This will pull in all relevant Python dependencies, including pyparsing, pyzotero and others within your virtual environment
Test your installation
When scribl is installed, it contains a command-line program scribl
that can perform some common API tasks, and to help the user jumpstart
exploring using the system. After installation here are two example
command-line you can cut-and-paste and run from the terminal to check
installation:
Check version
shell
scribl --version
Check outputs
First create a new, empty directory and change into it, e.g.:
shell
mkdir /tmp/scribl-test
cd /tmp/scribl-test
Then run:
shell
scribl -g new_graphdb --zotero-library 5251557:group --networkx-fig graphdb-visual.png --graphmlfile graphdb.xml --cyphertextfile graphdb.cypher
This will read from a public Zotero group collection we have created
(ID 5251557) for testing purposes, that includes citations with
scribl tags. This example run generates the following outputs:
new_graphdb- directory containing the new scribl databasegraphdb.cypher- a plain text file in the Cypher query languagegraphdb.xml- an XML file in GraphML formatgraphdb-visual.png- a visualization of the GraphML graph in PNG format:

see below for a more detailed description of visualization options.
Visualization of the scribl database
As mentioned previously, a scribl database can be exported for use
in a graph database platform for further interactive exploration.
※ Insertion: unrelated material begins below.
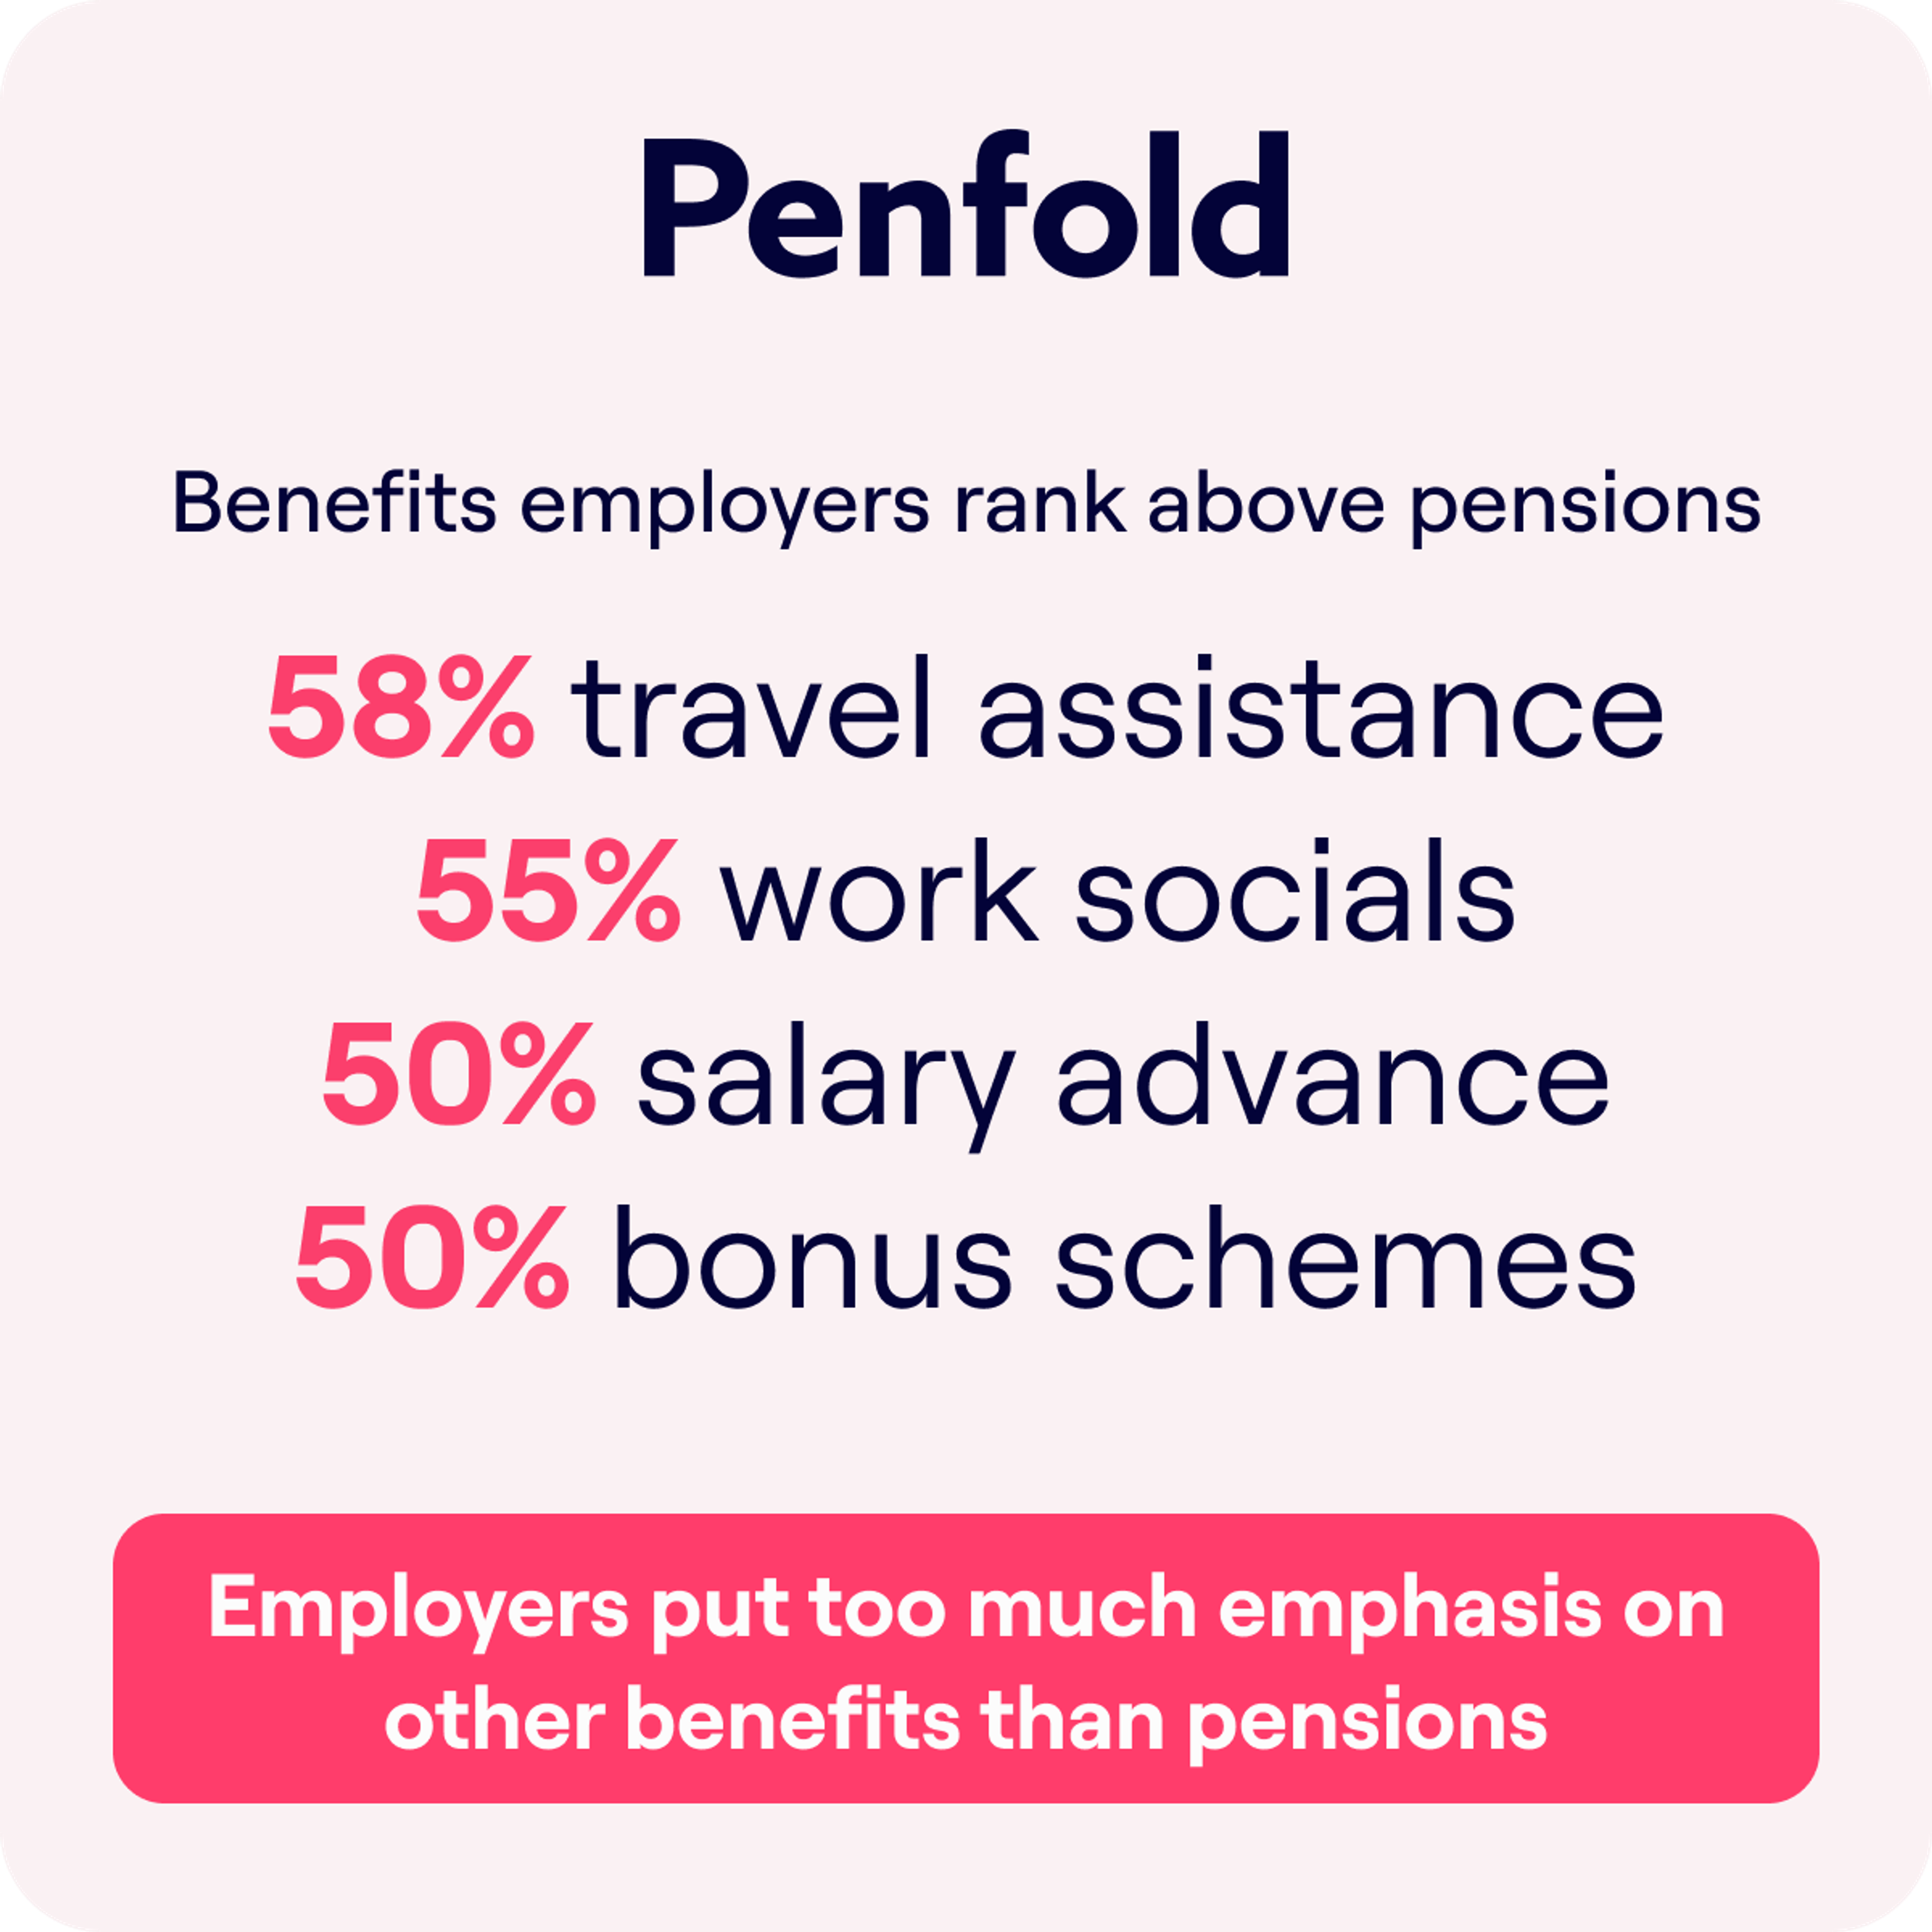 A Penfold infographic listing benefits employers rank above pensions: "58% travel assistance," "55% work socials," and "50% salary advance and bonus schemes." The percentages are highlighted in pink, with a concluding statement in a red box at the bottom, "Employers put too much emphasis on other benefits than pensions," suggesting a reevaluation of benefits prioritization may be needed.

One
of the most developed graph visualization platforms is as
Neo4j which reads the output in Cypher query
language . Unfortunately Neo4j isn't
directly available via Python packaging system. The instructions for
installation and configuration is beyond the scope of this
documentation, but they are available for most
platforms.
The main scribl documentation describes how to take the
exported Cypher text generated by a command like the above into Neo4j
and dynamically update the Neo4j database.
In the interests getting up and running quickly with visualizations,
but staying purely within the Python ecosystem, scribl also supports
outputs other than Cypher. The above mentioned
GraphML backend generates
visualizations using a combination of
NetworkX and matplotlib. This feature enables
generation of static visualizations of the current scribl database.
Visualizations generated via the GraphML/NetworkX are best suited for
small networks and to get a feel for the scribl database structure
with a minimum of fuss. For "production" level visualization as well
as interactive analyses, however, you are likely to want to try Neo4j.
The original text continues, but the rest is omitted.